AS AN ADOLESCENT, I (briefly, shamefully) renounced science fiction to embrace punk music. But I found this new world had its own tragic version of science fiction, one largely culled from just one book—1984—and sifted through the cruelty of Reaganism. The awe of film vs. the doom of punk: Both approaches informed my perspective. I’ve never known a life that didn’t involve constant peering into the future, at both its gizmos and the political meaning of those gizmos. My little generation grew up dreading the next century. That is, dreading our current world, the one you’re reading from now.
Except, what does “current” even mean anymore? As of this year, we seem to have entered some sort of hyper-growth Looney Tunes world, with incredible advances coming every few weeks or even days. A lot of smart people seem concerned that this incredible growth represents the mere foothills of an exponentially sloping baloney times nightmare.
If all this feels like science fiction, that’s because it is. Science fiction films, however, have played two roles in this coming crisis, serving as both speculation about the future and active laboratories in the development of that future. The story of the reality breakdown is a technology story. But the technology is film, not AI. The tools of the reality breakdown have advanced, in public, in hundreds of films, for longer than anyone has been alive. Put another way, you’ve watched this thing coming for your entire life.
I FIRST IMMERSED MYSELF in this subject ten years ago, while doing research for my novel Exploded View, which explores the world of 2050, meaning the world decades after the end of consensus reality. While writing that book, I felt like I was racing the clock, that I was trying to describe something that everyone else was going to figure out at any moment. But I’ve spent the last decade waiting for these issues to catch on. And discussing these things outside the confines of fiction made me look like a conspiracy crank.
But this new era of AI gives me an opening. Suddenly the creeping weirdness has form, bodies, and faces. Some of them leer back at us with extra rows of teeth. Some of them look just like us. With increasing frequency, I see photos of a fake person who looks real, who seems to convey an emotion I’d always assumed could never be faked. Many people seem to be experiencing this. Suddenly, there is a feeling in the air that we’re on the verge of something colossal, a collapse of how our species experiences reality. Soon fake photos will be fake videos. Soon they’ll be fake phone calls. Soon you won’t be able to tell what’s fake.
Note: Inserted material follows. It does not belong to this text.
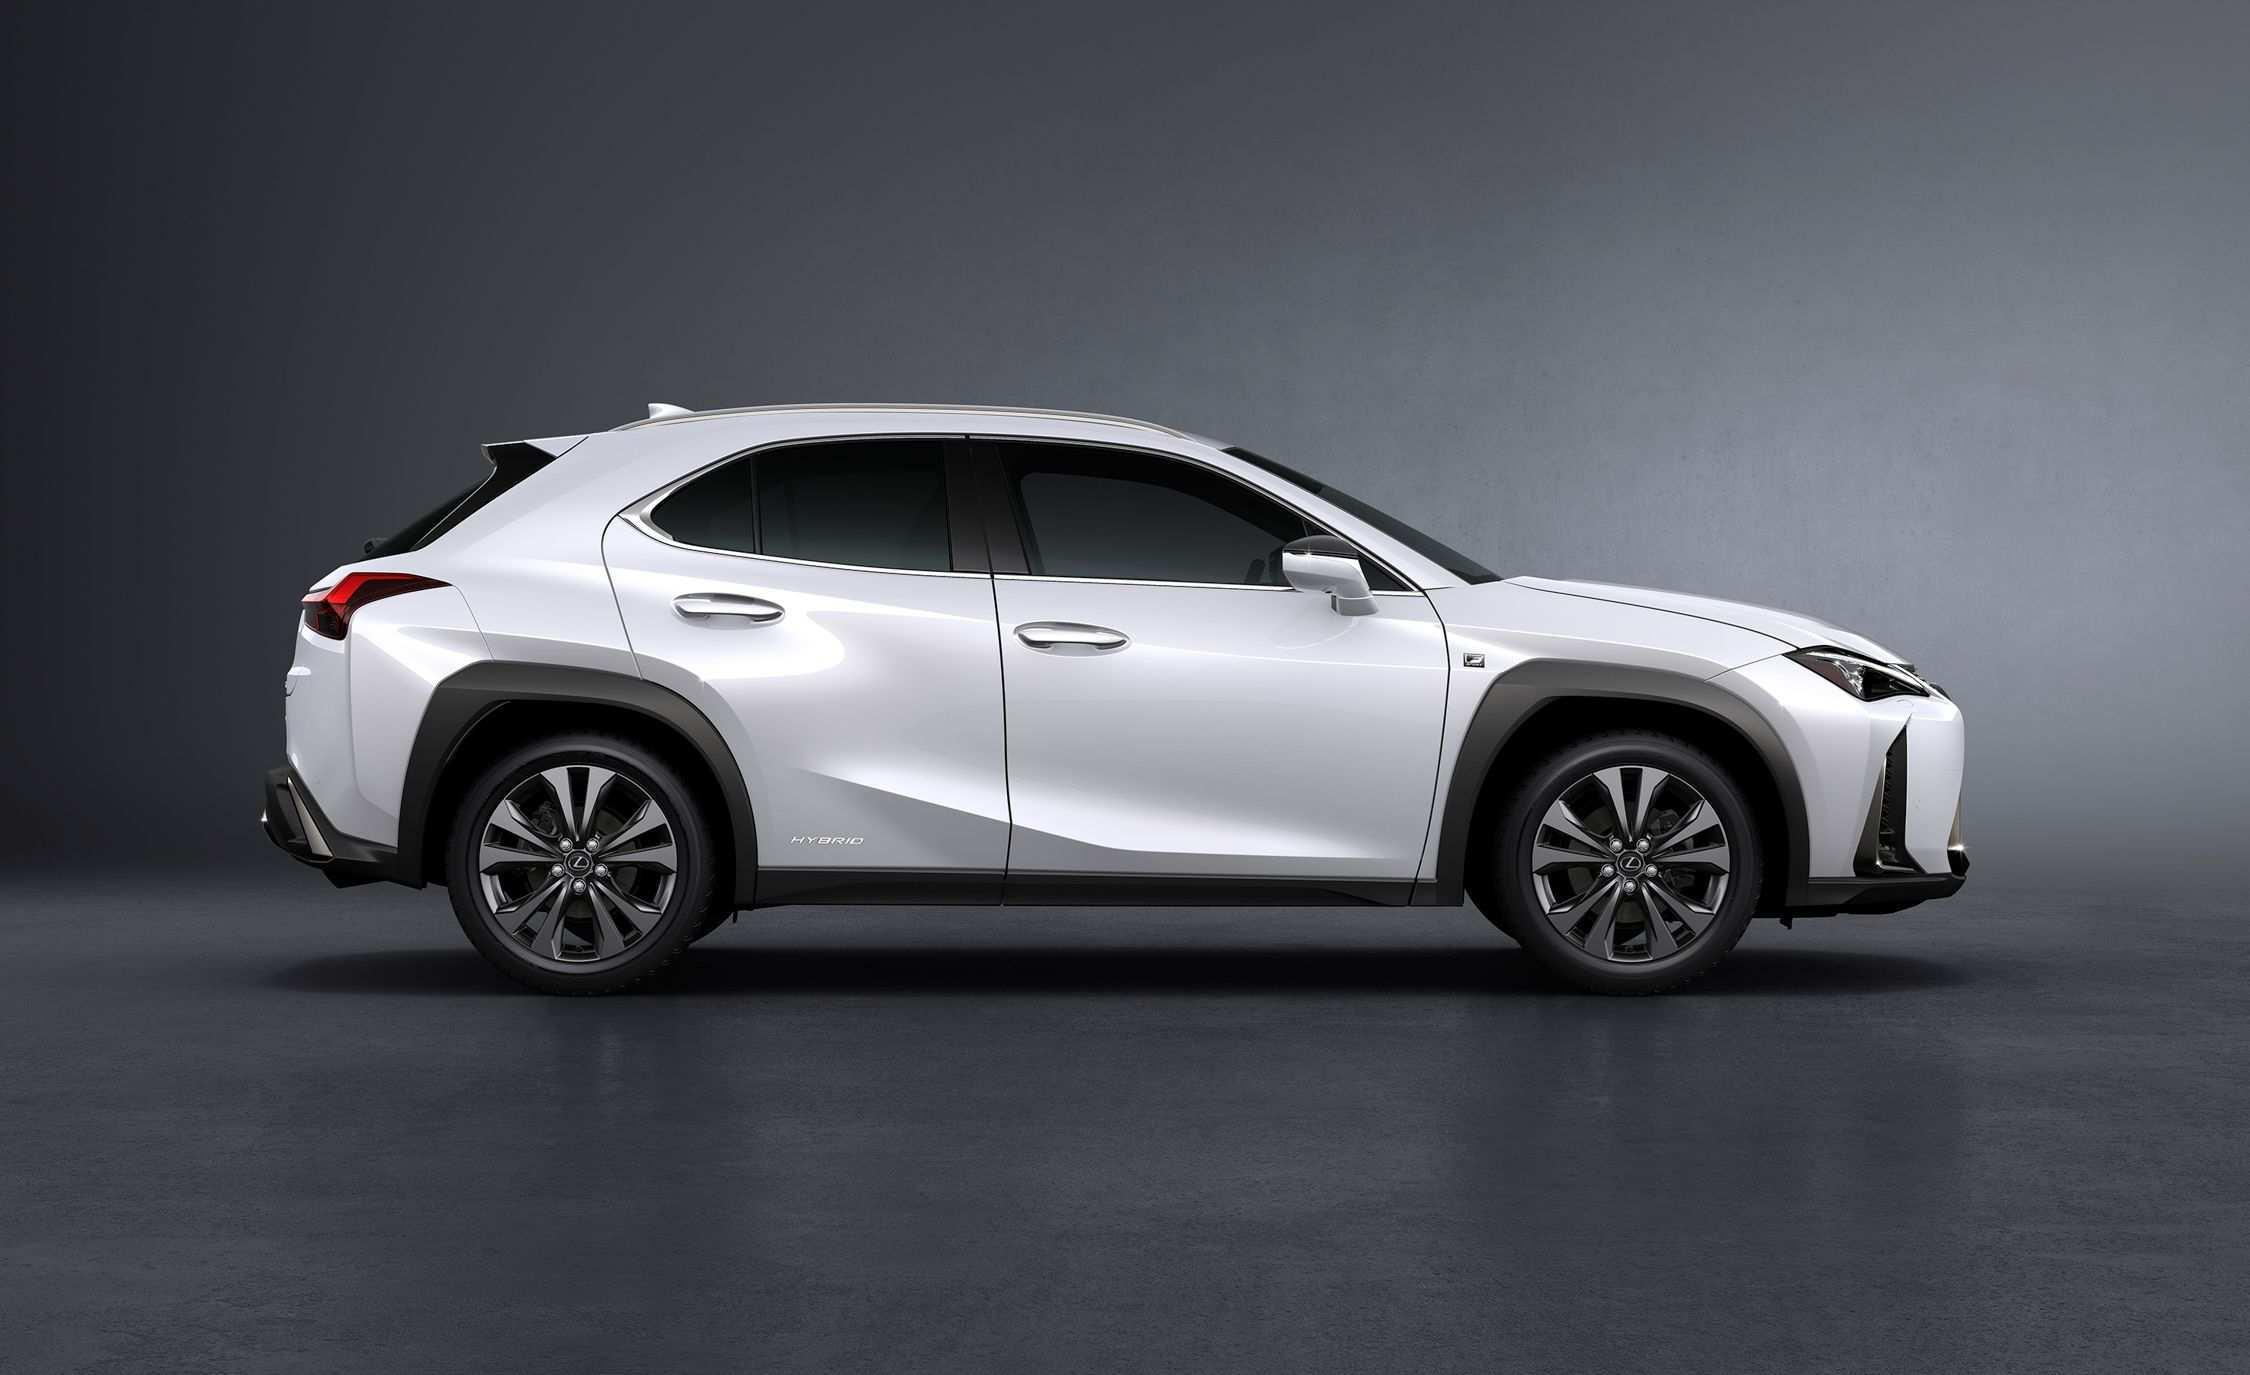 96 Great 2019 Lexus Ux Hybrid Specs by 2019 Lexus Ux Hybrid
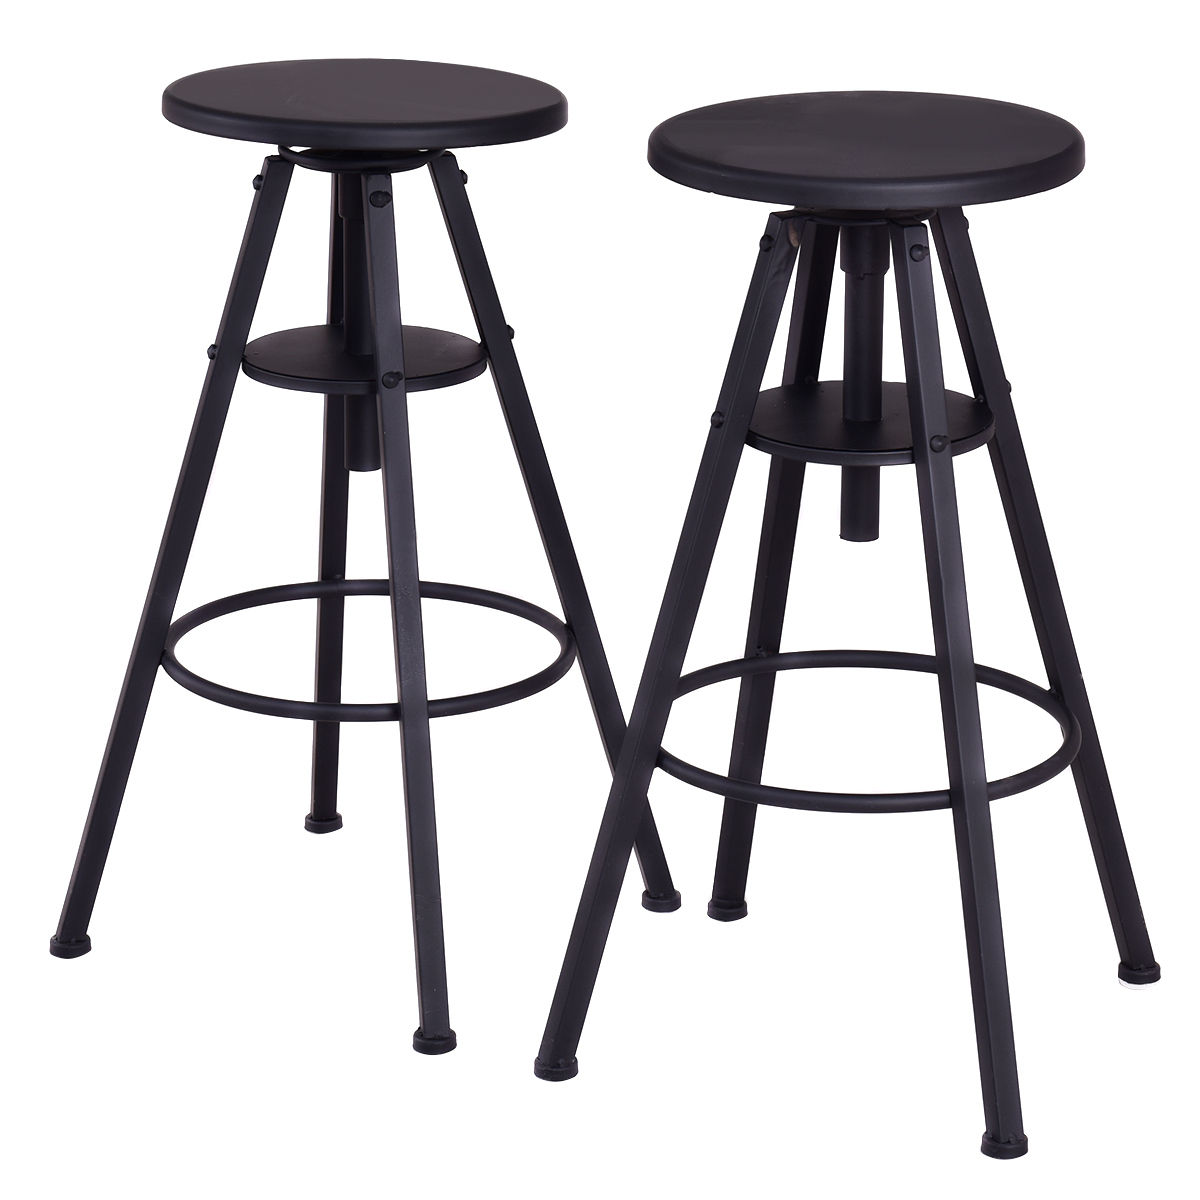 Costway Set of 2 Vintage Bar Stools Height Adjustable Metal Pub Chairs Black by Costway

IT’S ONLY LOOSELY THAT I call this endeavor a ‘newsletter.’ This is actually a book—one that can only be written in real time and in present tense. I can promise one post a week, although I’m aiming for more. I have a lot to say on this subject. I have a lot to say about all the things this subject touches. If you know of me through my music writing or my most recent book Mutations, I think this project will appeal to you. And I will be writing about music here, at least in that music is one of many things that’s about to drastically change. Thank you for joining me.
I really enjoyed Mutations. It might be the only book I made it through front to back in 2020. Excited to see what you have to say here.
Oh and AI still can’t get the fingers right… yet.
The growing sense that reality itself is something up for debate is wholly terrifying and all too real. We unknowingly look to the theories of Ontology and Eternalism (or Presentism if you’re a weirdo) for understanding of the intangible, ever-shifting goalposts of life. I’m with you on this ride.